Supplied records =>
§ §

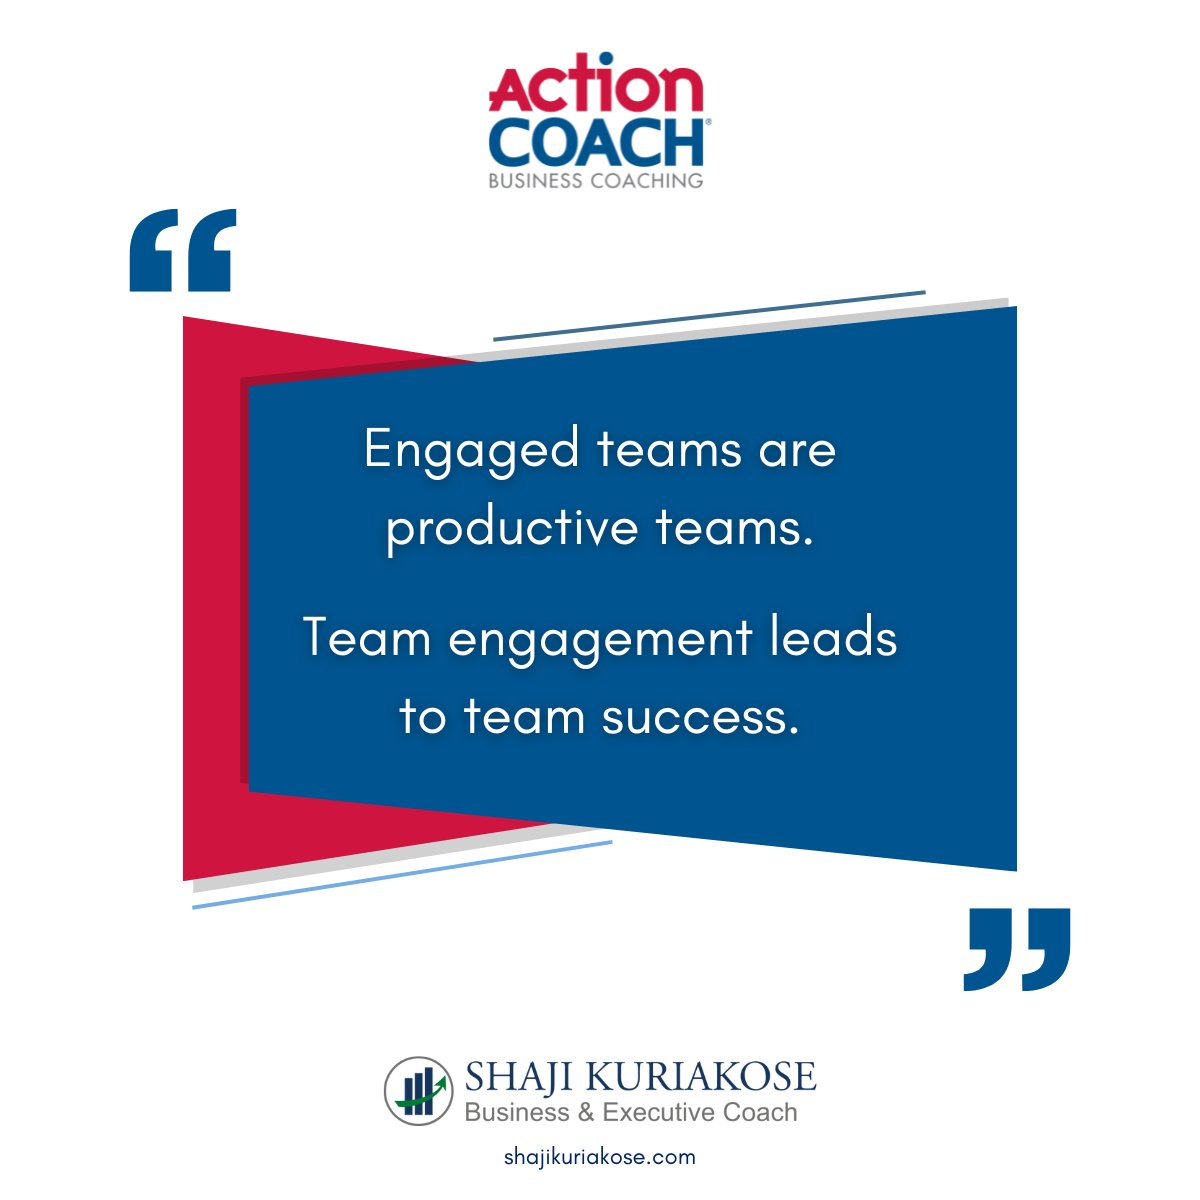 Team Engagement isn’t just a buzzword—it’s the bedrock of productivity and success.

#Teamwork #Leadership #Success
#actioncoach #shajikuriakose #businesscoach #executivecoach
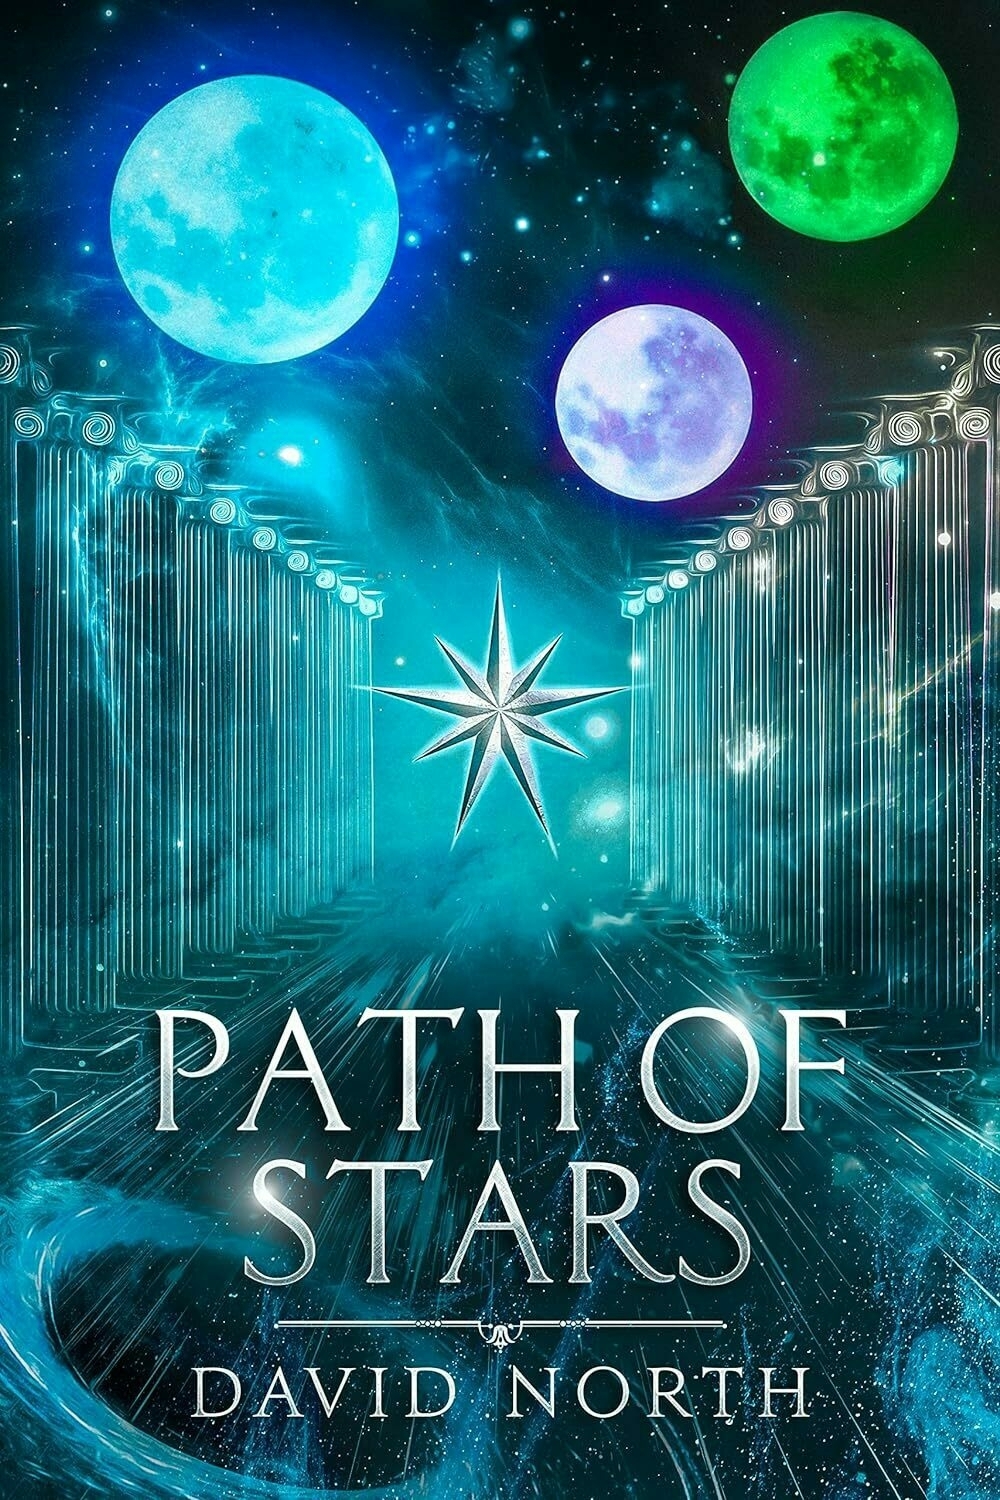 A book cover displays 'PATH OF STARS' in large letters with the author's name 'David North' below. Three moons, a compass rose, and celestial elements set against a starry sky above classical columns.
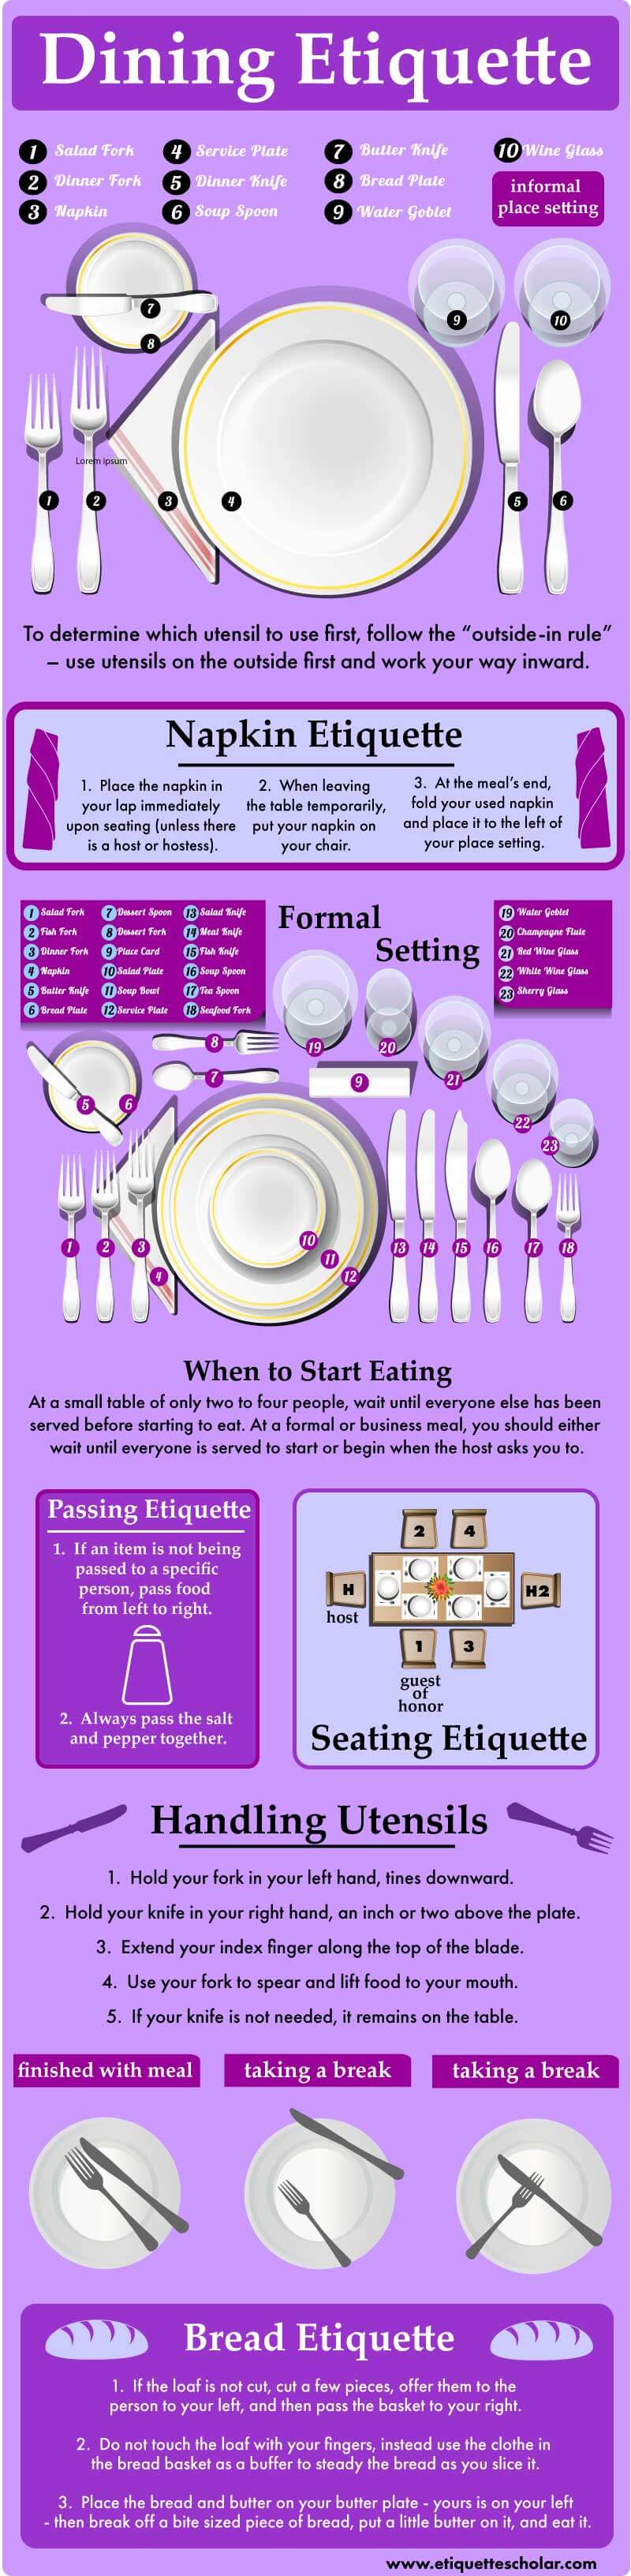 The Complete Dining Etiquette Guide!

§ §

Activity =>
Restate the whole of the material word for word without the pictures.

Result for this exercise =>
 Team Engagement isn’t just a buzzword—it’s the bedrock of productivity and success.

#Teamwork #Leadership #Success
#actioncoach #shajikuriakose #businesscoach #executivecoach
 A book cover displays 'PATH OF STARS' in large letters with the author's name 'David North' below. Three moons, a compass rose, and celestial elements set against a starry sky above classical columns.
 The Complete Dining Etiquette Guide!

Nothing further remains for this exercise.